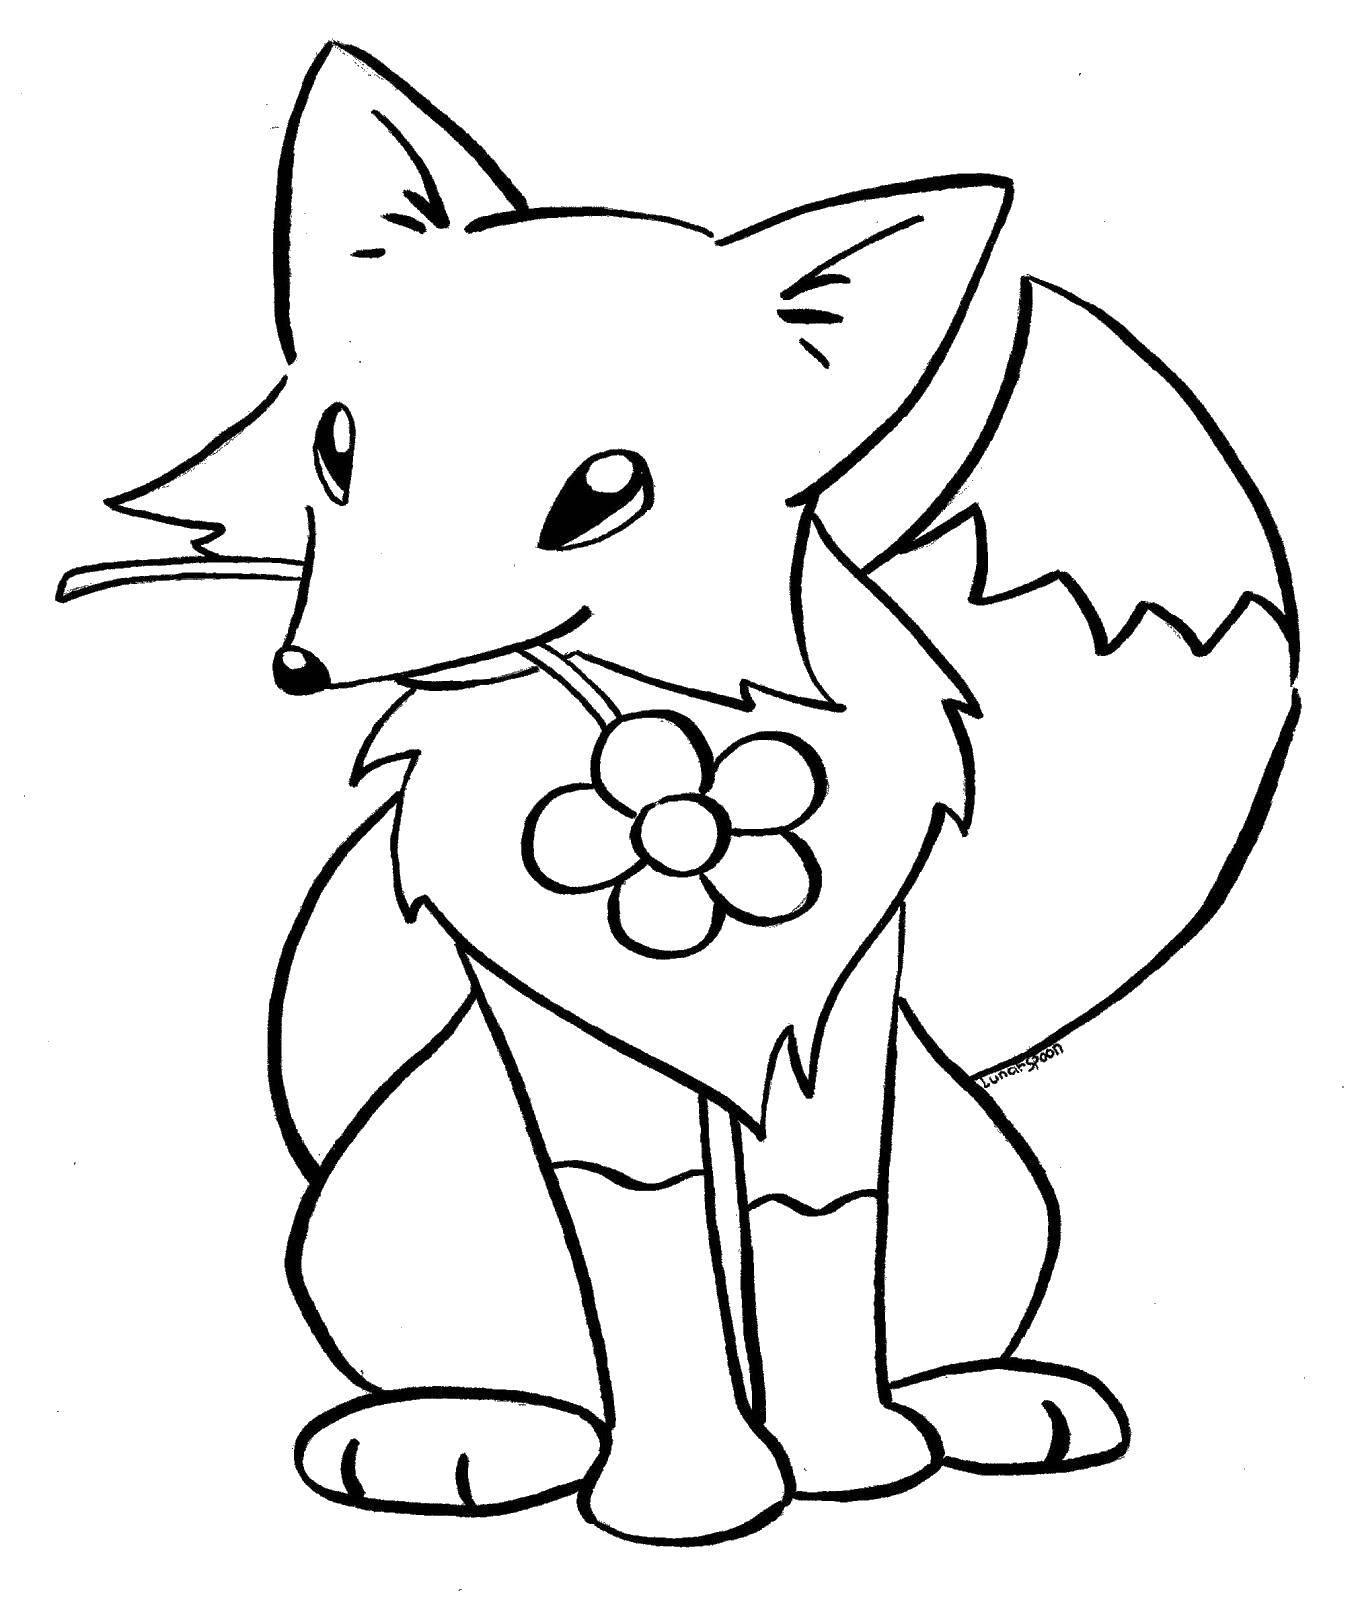 Раскраска Лисичка с цветочком Скачать животные, лиса, лисичка, цветок.  Распечатать ,Животные,
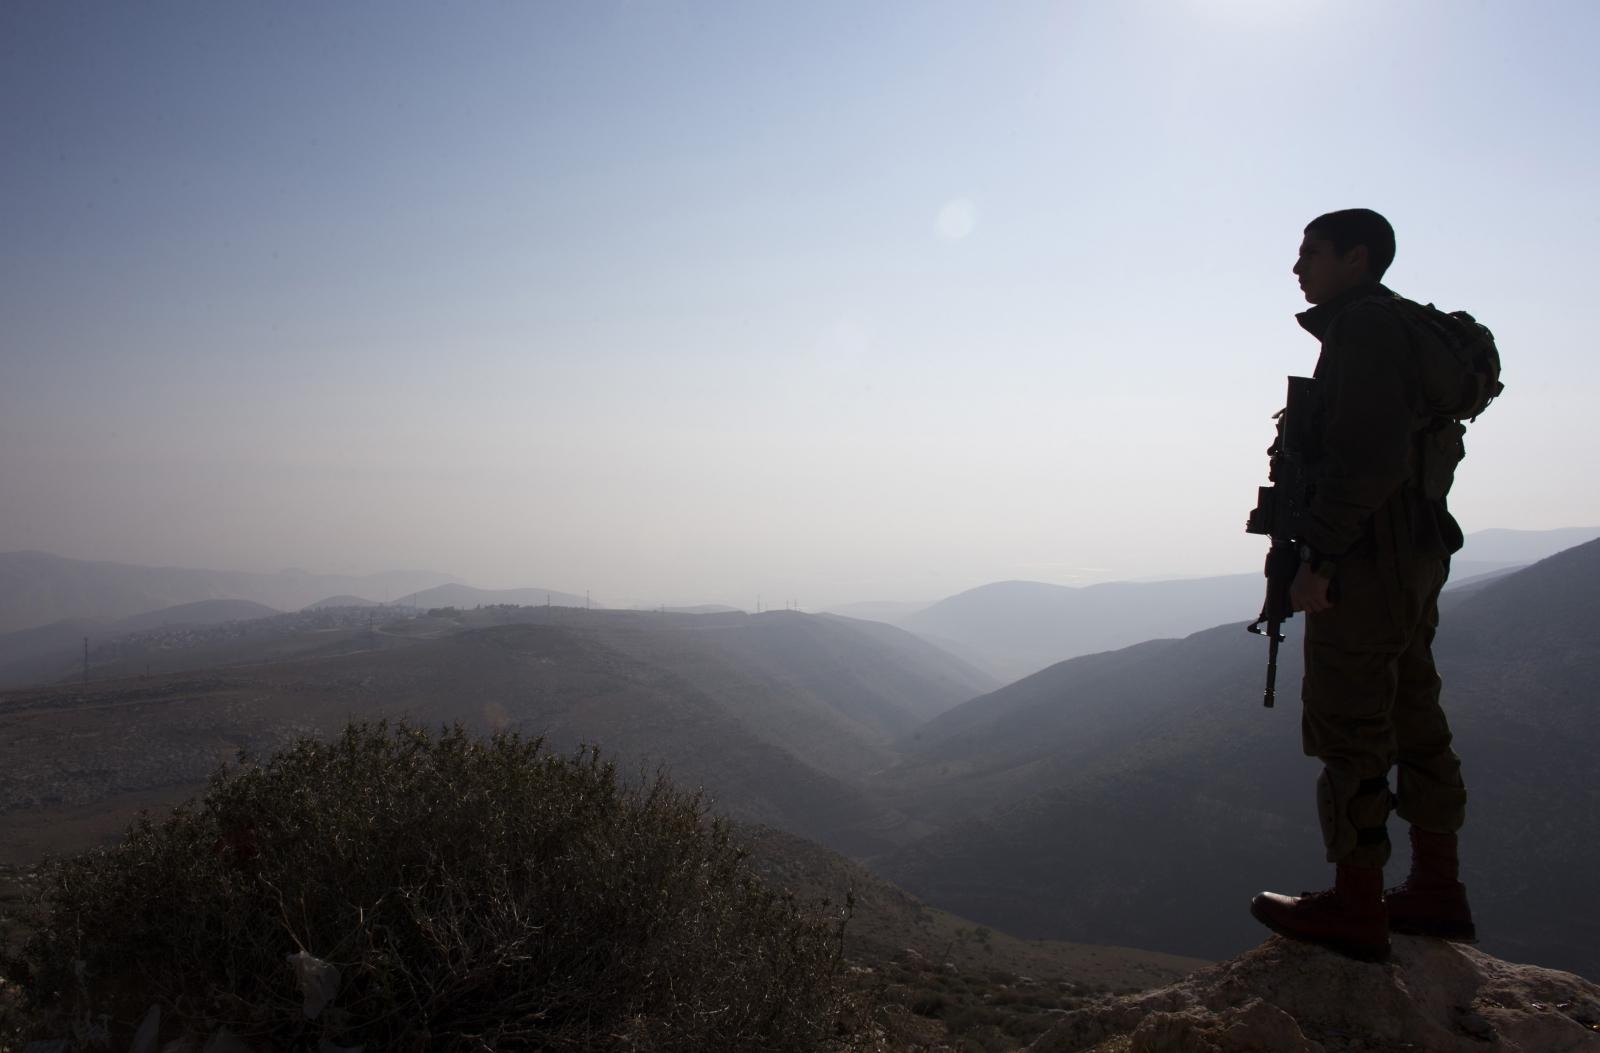 Israel West Bank Palestine
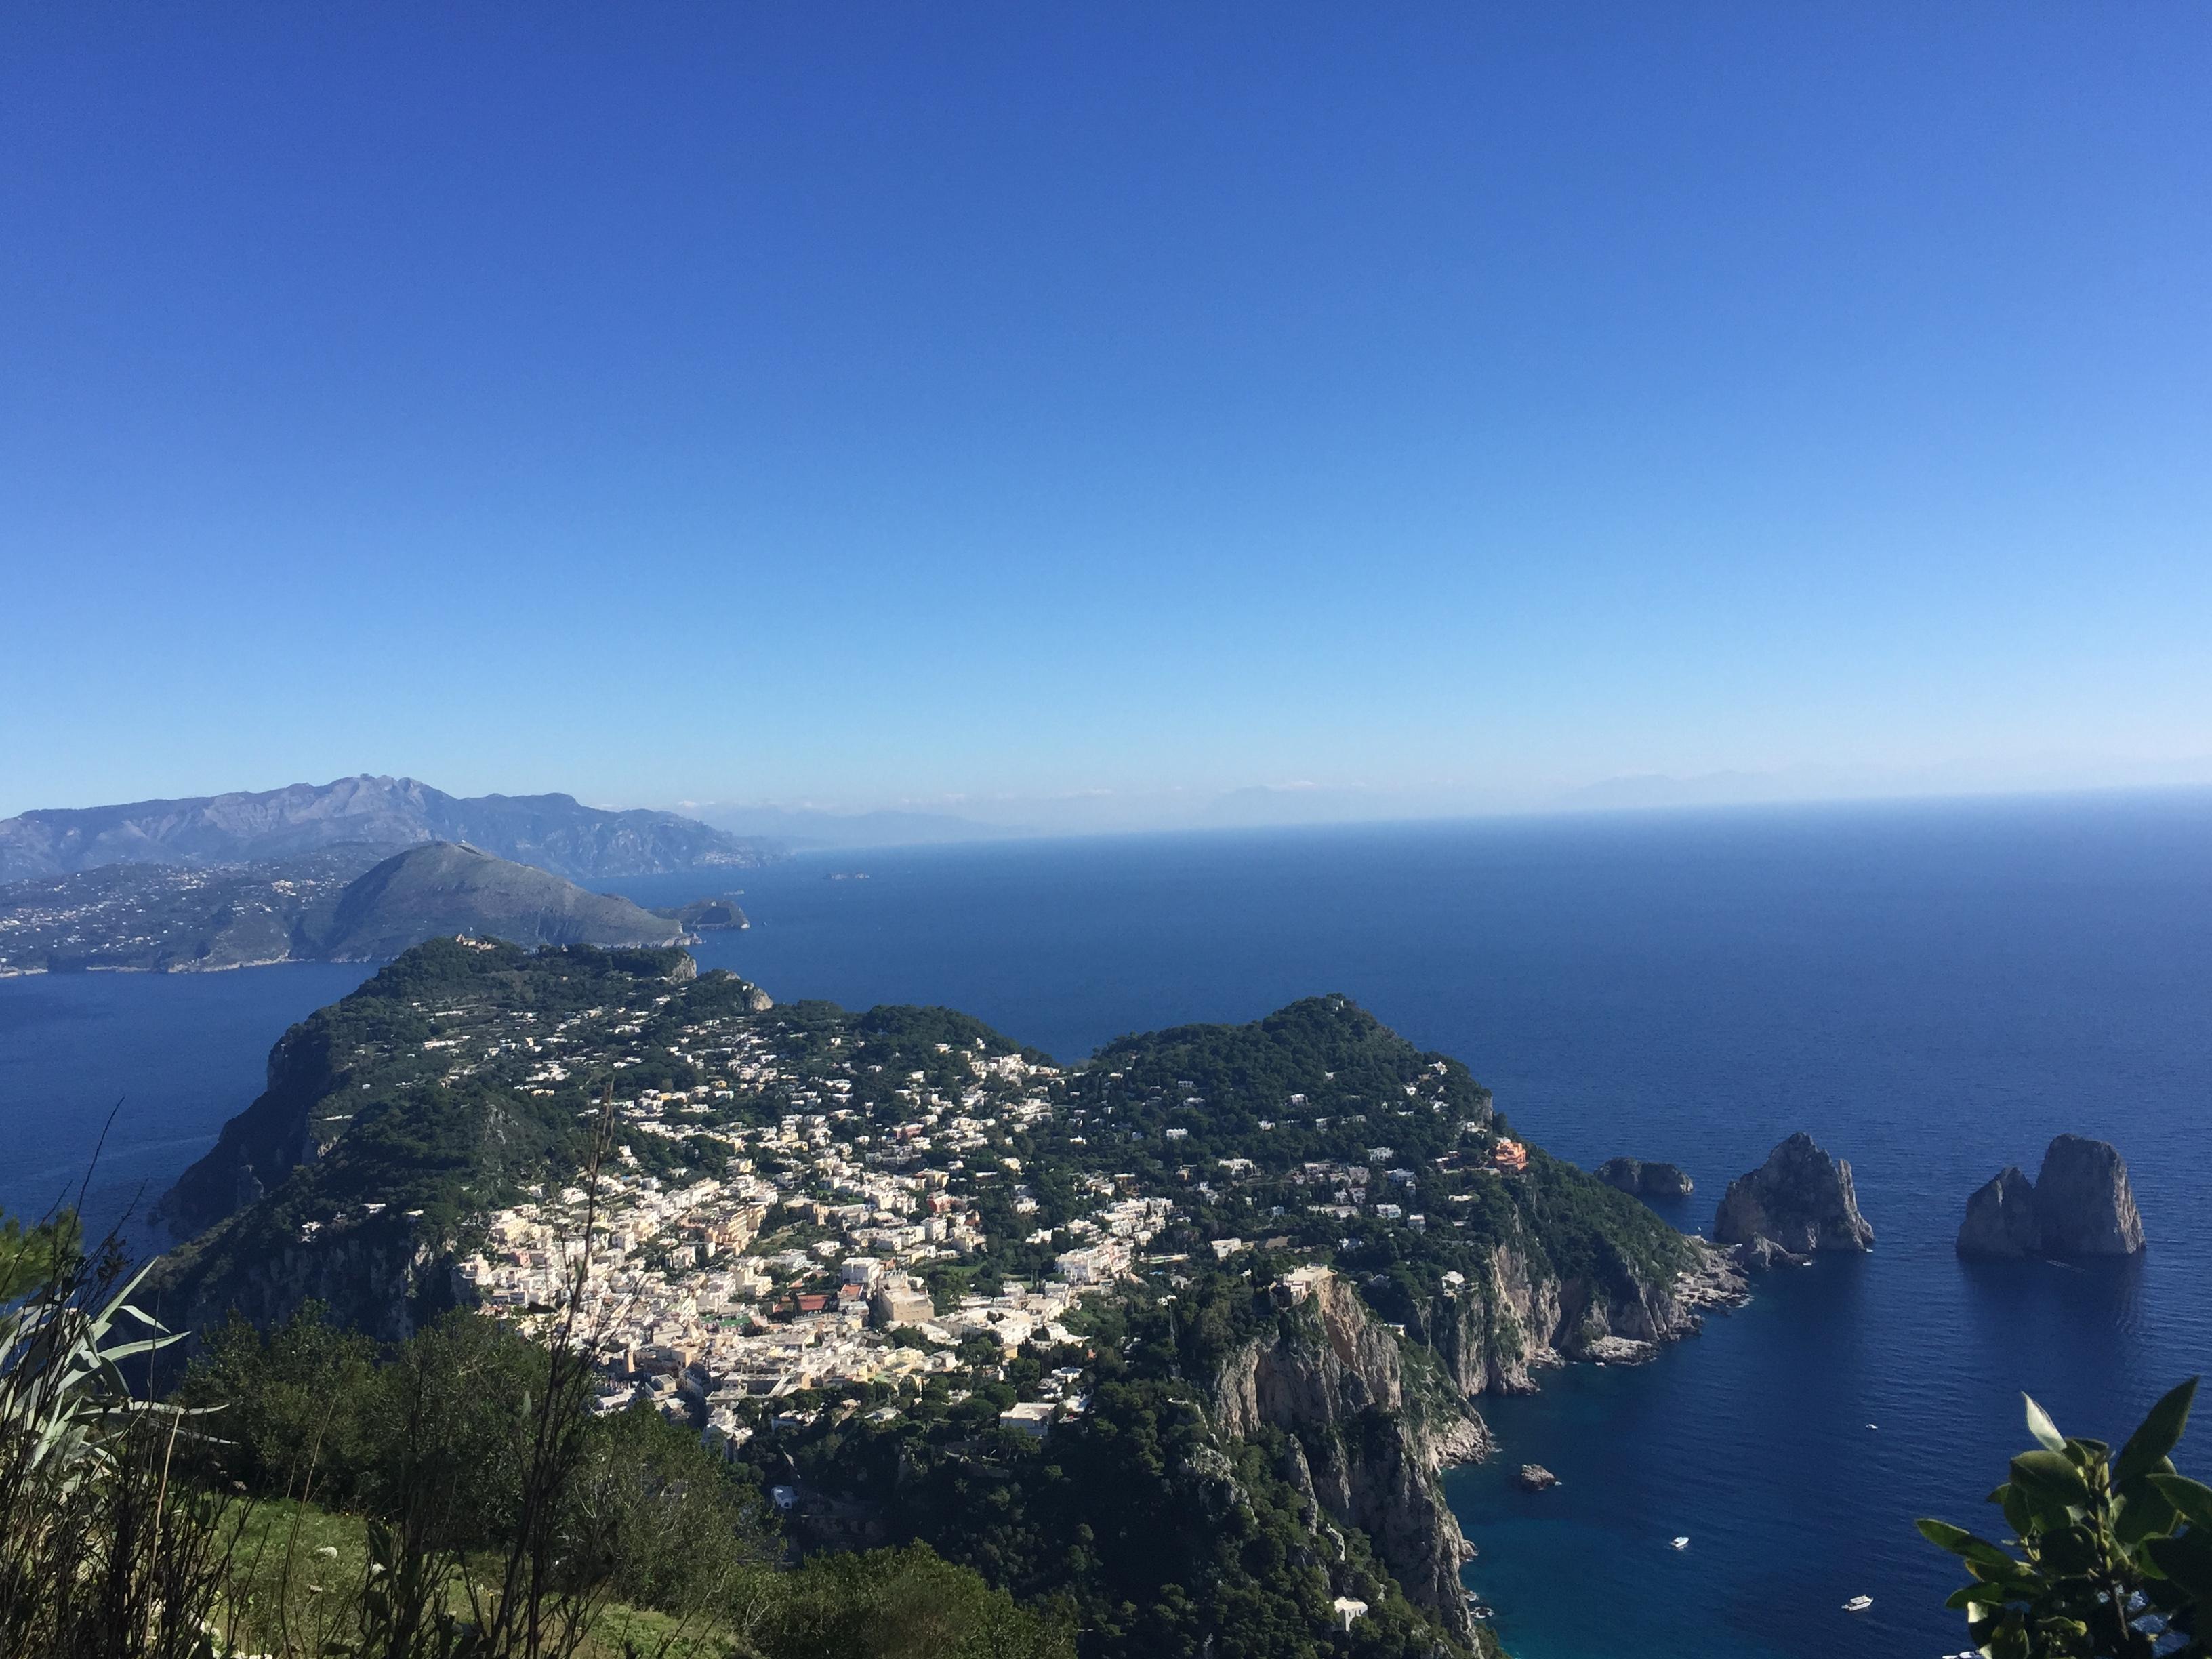 Vacanze di Luglio a Capri, le proposte di Hotel e B&b di Booking.com

### Work required
All the lines above should be reproduced exactly, and none of the pictures.

### Exercise answer
 Раскраска Лисичка с цветочком Скачать животные, лиса, лисичка, цветок.  Распечатать ,Животные,
 Israel West Bank Palestine
 Vacanze di Luglio a Capri, le proposte di Hotel e B&b di Booking.com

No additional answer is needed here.